In a particular construction of the present invention, the internal combustion engine 10 is a diesel engine, however, it should be understood that the engine 10 may also be a spark engine. ignition. As shown in FIG. 1, the internal combustion engine 10 may comprise several cylinders 10a-d, moreover, air may enter each of these cylinders at respective moments of the engine duty cycle determined by one or more valves (not shown).

The exhaust gases leaving the internal combustion engine 10 may pass through a turbocharger 14b.
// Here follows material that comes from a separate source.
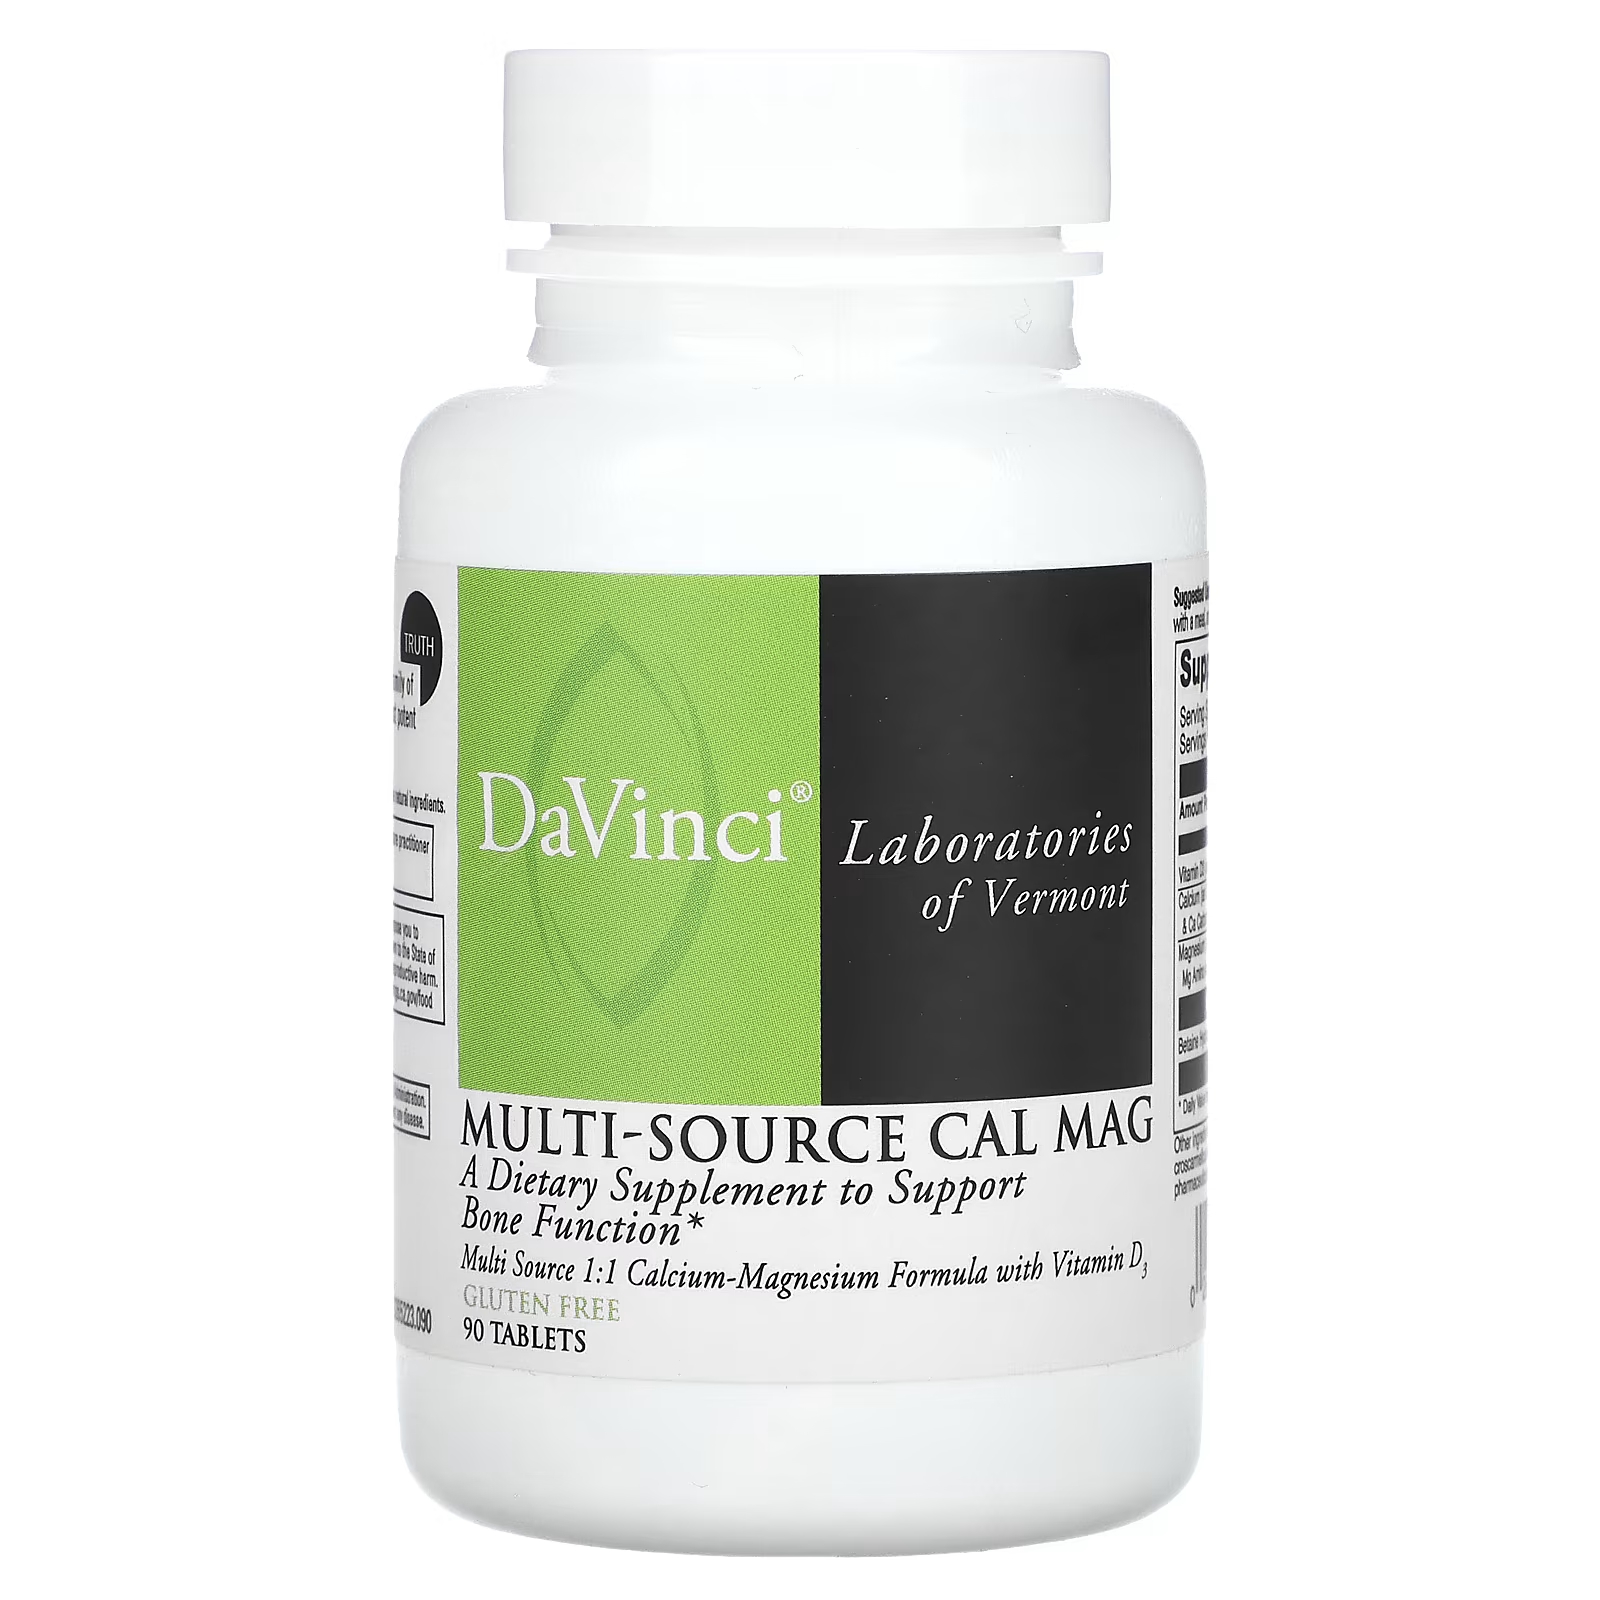 Пищевая добавка DaVinci Laboratories of Vermont Multi-Source Cal Mag, 90 таблеток пищевая добавка zand для иммунитета с цинком и витамином d3 60 таблеток

Downstream of the turbine 14b, one or more exhaust gas emission reduction modules 20 may be provided, for example, designed to reduce the exhaust emissions of the engine. The exhaust gas emission reduction modules 20 may include one or more of the modules of an oxidizing catalyst, for example, a diesel oxidizing catalyst, and a particulate filter, for example, a diesel particulate filter. An additional exhaust gas emission reduction module 21 may also be provided, for example, located downstream of the exhaust gas emission reduction module 20.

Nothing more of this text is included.